I selected the variable FUELCONSUMPTION_COMB as the main feature for the Simple Linear Regression. This choice is due to the fact that it presents the greatest clarity with the target variable compared to many variations observed.

In [0]:
X = cdf['FUELCONSUMPTION_COMB'].to_numpy()
y = cdf['CO2EMISSIONS'].to_numpy()

print(f'The shape of X is: {X.shape}')
print(f'\nThe shape of y is: {y.shape}')

In [0]:
X_train, X_test, y_train, y_test = train_test_split(X, y, test_size = 0.2, shuffle = True,random_state = 33)

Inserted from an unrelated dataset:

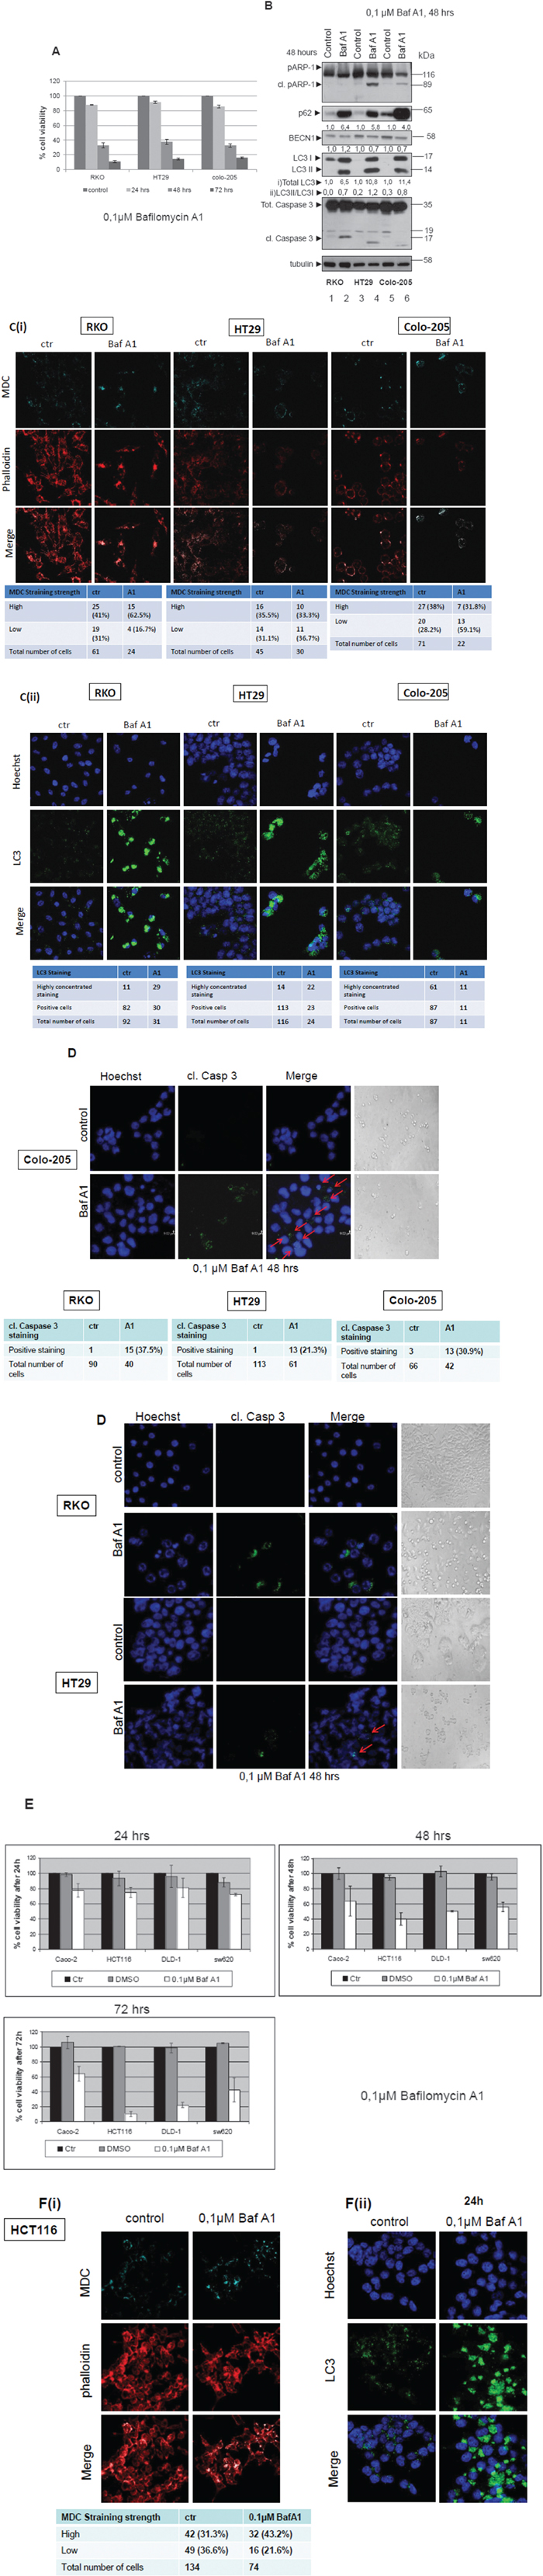 Autophagy inhibitor Bafilomycin A1efficiently sensitizes colorectal adenocarcinoma cells to apoptosis.

type(X_train), np.shape(X_train), np.shape(X_test)

### Creating the linear regression model

In [0]:
# Create Model
regressor = LinearRegression()
regressor.fit(X_train.reshape(-1, 1), y_train)

print(f'Coefficients: {regressor.coef_[0]}')
print(f'Intercept: {regressor.intercept_}')

The model indicates a marginal impact of 16.14: each additional unit of fuel increases emissions by ~16g of CO2. The intercept of 69.31 acts only as a mathematical adjustment (bias) to align the line with the observed data, having no real physical meaning, since zero consumption does not generate emissions.

### Viewing model outputs

In [0]:
# Data collect
data_ax = cdf.copy()

sns.set_style('whitegrid')

# Define Figure
plt.figure(figsize  = (8, 4))

sns.regplot(
    x = X_train, 
    y = y_train,
    fit_reg = False,
    scatter_kws = {'alpha': 0.5, 'color': 'royalblue'},
)

plt.plot(X_train, 
    regressor.predict(X_train.reshape(-1, 1)),
    color='firebrick', 
    linewidth=2.5
)

plt.title('Linear Regression of Training: FUELCONSUMPTION_COMB x CO2EMISSIONS', fontsize = 14)
plt.xlabel('FUELCONSUMPTION_COMB')
plt.ylabel('CO2EMISSIONS')

plt.tight_layout()
plt.show()

### Model Evaluation

In [0]:
# Use the predict method to make test predictions
y_test_  = regressor.predict(X_test.reshape(-1, 1))

print(f'Mean Absolute error: {mean_absolute_error(y_test_, y_test):.2f}')
print(f'Mean Squared error: {mean_squared_error(y_test_, y_test):.2f}')
print(f'Root men squared error: {root_mean_squared_error(y_test_, y_test):.2f}')
print(f'R2-score: {r2_score(y_test_, y_test):.2f}')

In [0]:
# Data collect
data_ax = cdf.copy()

sns.set_style('whitegrid')

# Define Figure
plt.figure(figsize  = (8, 4))

sns.regplot(
    x = X_test, 
    y = y_test,
    fit_reg = False,
    scatter_kws = {'alpha': 0.5, 'color': 'royalblue'},
)

plt.plot(X_test, 
    y_test_,
    color='firebrick', 
    linewidth=2.5
)

plt.title('Linear Regression of Test: FUELCONSUMPTION_COMB x CO2EMISSIONS', fontsize = 14)
plt.xlabel('FUELCONSUMPTION_COMB')
plt.ylabel('CO2EMISSIONS')

plt.tight_layout()
plt.show()

### Conclusion

The model is underfitted.

R² (0.74): Acceptable for a first test, but weak for physical data. The model did not capture 26% of the cars' behavior well,
suggesting that the real relationship is a curve, not a straight line.

MAE (19.17) vs RMSE (27.14): There is a large difference between them, which raises a red flag. The high RMSE indicates that the model is making significant errors for some specific cars and penalizing the overall average.

It is possible to conclude that a straight line for this type of data would not be the most appropriate solution. Perhaps exploring new model options with Polynomial Regression or Multilinear Regression would be helpful.